## WHAT YOU HAVE TO DO
Reprint the lines below as they are, minus the pictures.

==== INFORMATION PROVIDED ====

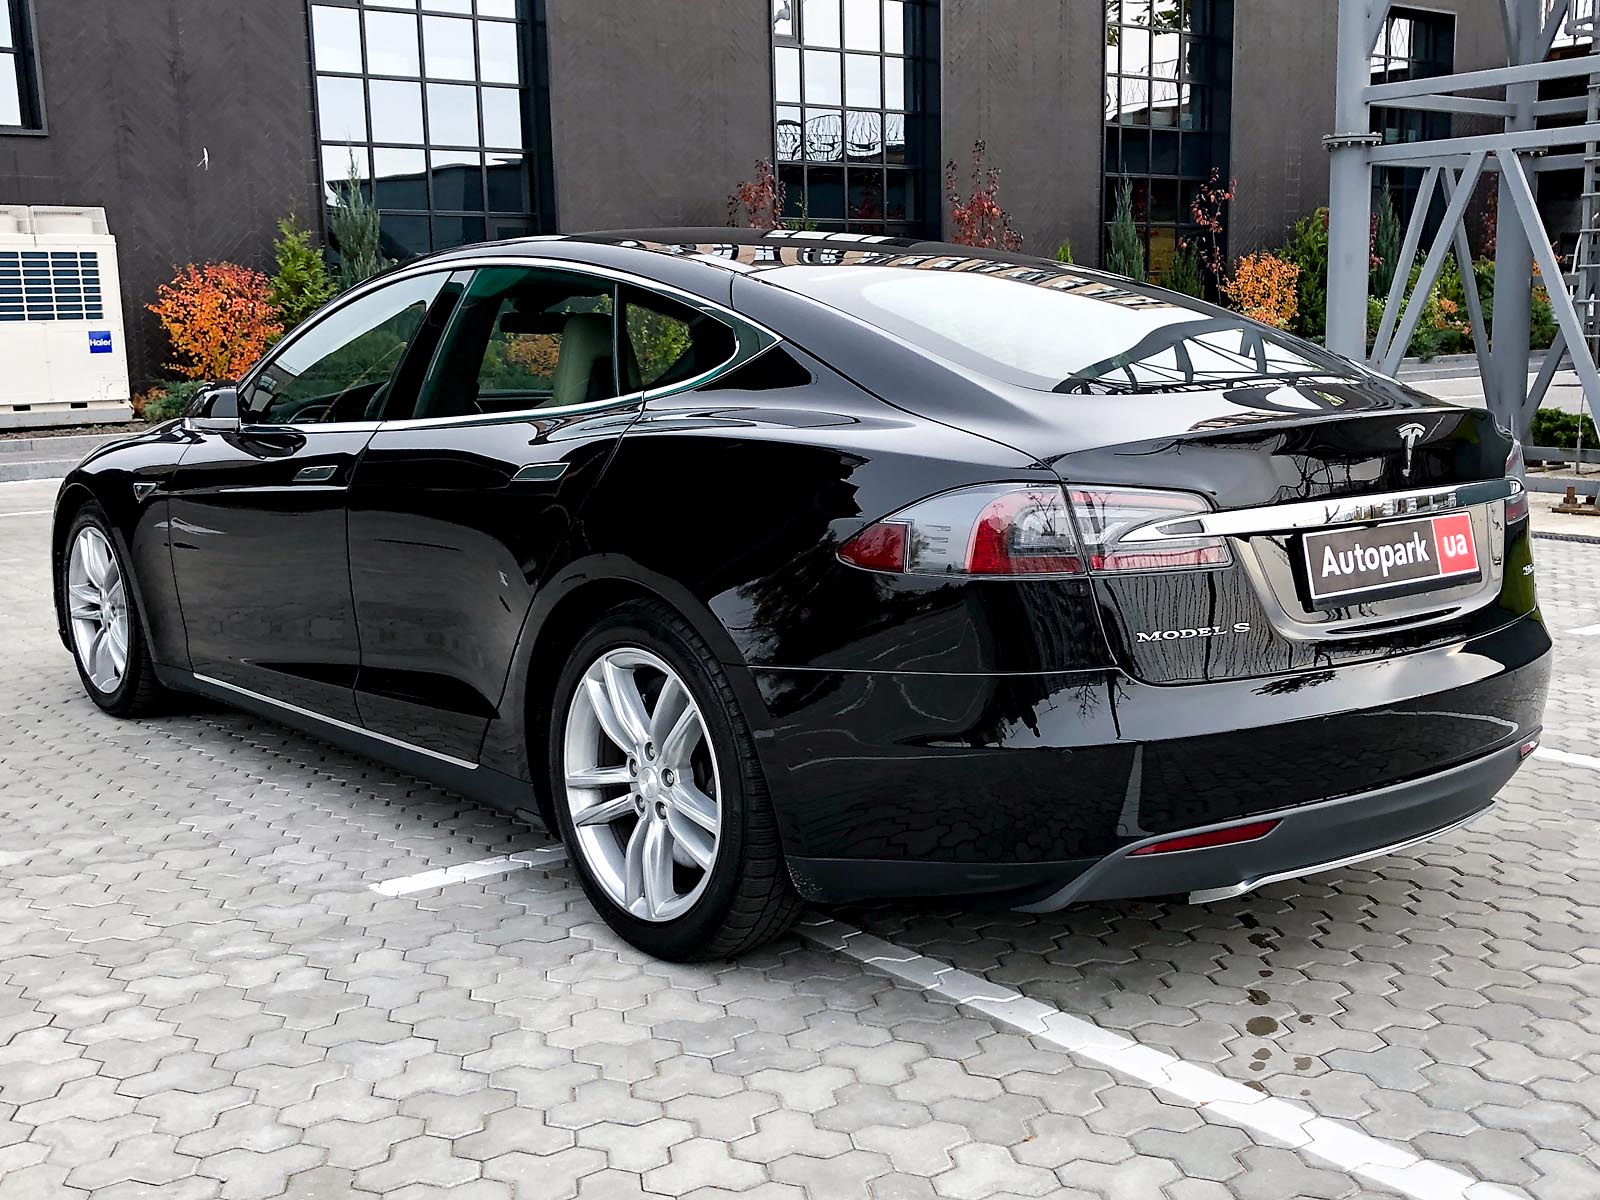 Tesla Model S - Фото 5
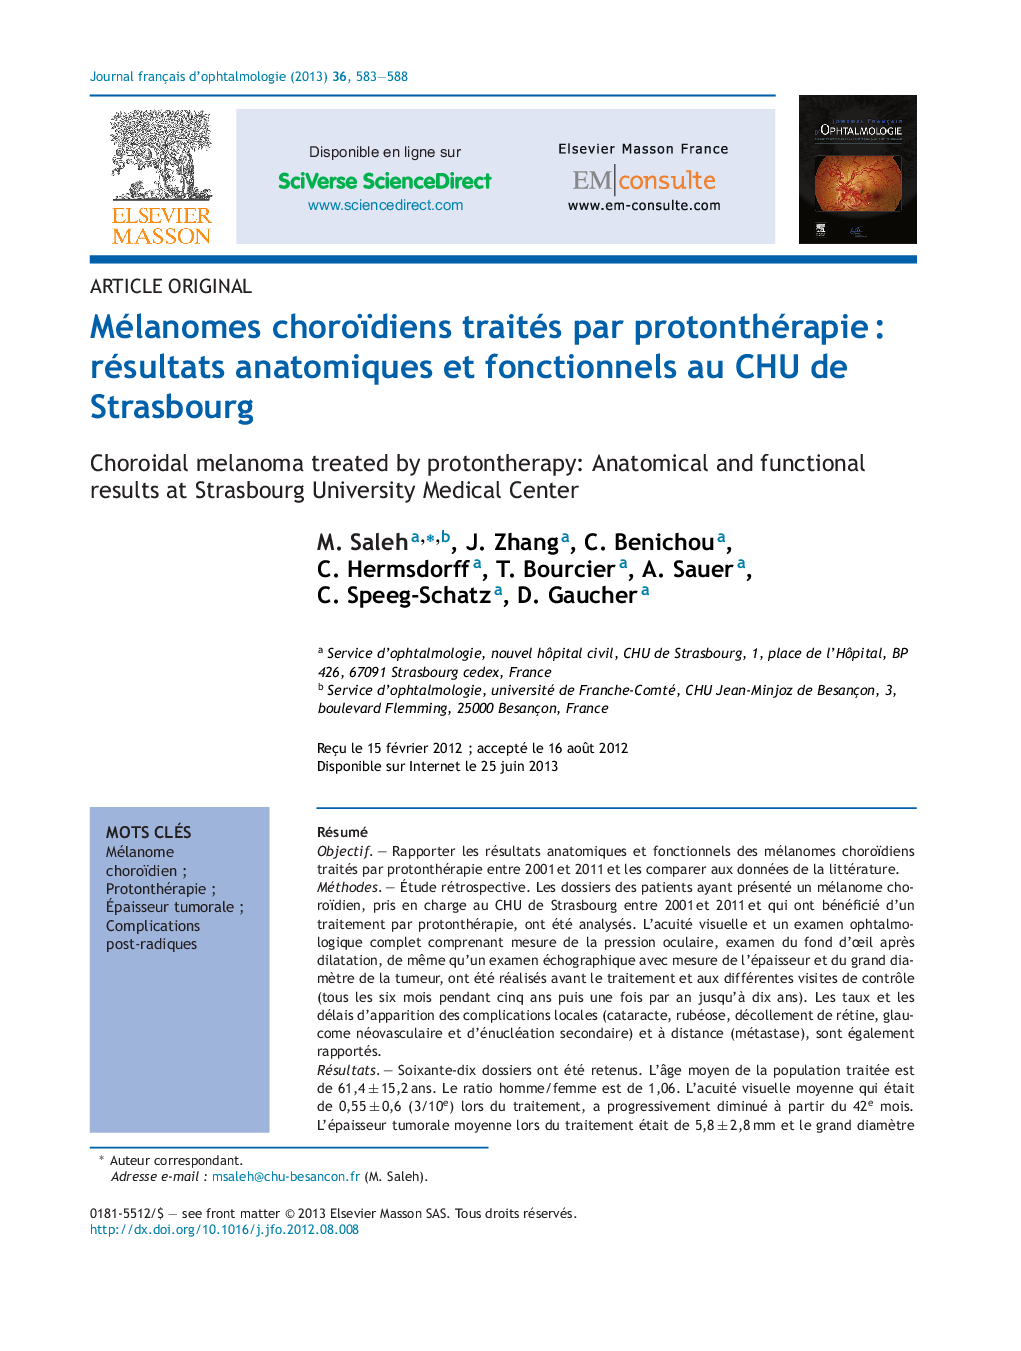 Mélanomes choroïdiens traités par protonthérapieÂ : résultats anatomiques et fonctionnels au CHU de Strasbourg
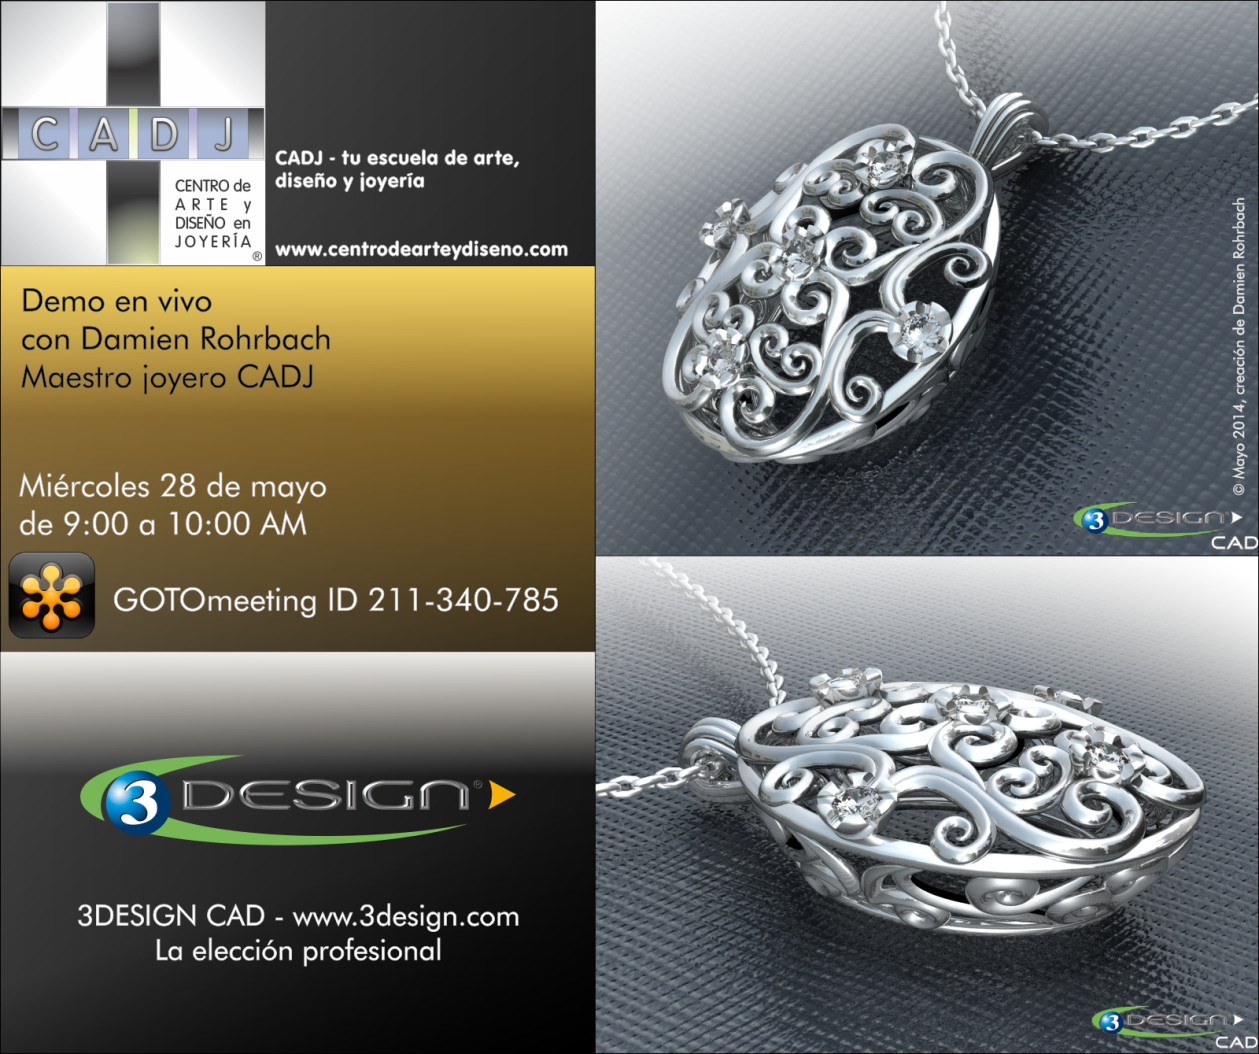 Aretes en estado de prototipo, creación de Damien Rohrbach con 3DESIGN CAD V8, Escuela de Arte, Diseño y Joyería CADJ ®

====

## SOLUTION
 Tesla Model S - Фото 5
 Mélanomes choroïdiens traités par protonthérapieÂ : résultats anatomiques et fonctionnels au CHU de Strasbourg
 Aretes en estado de prototipo, creación de Damien Rohrbach con 3DESIGN CAD V8, Escuela de Arte, Diseño y Joyería CADJ ®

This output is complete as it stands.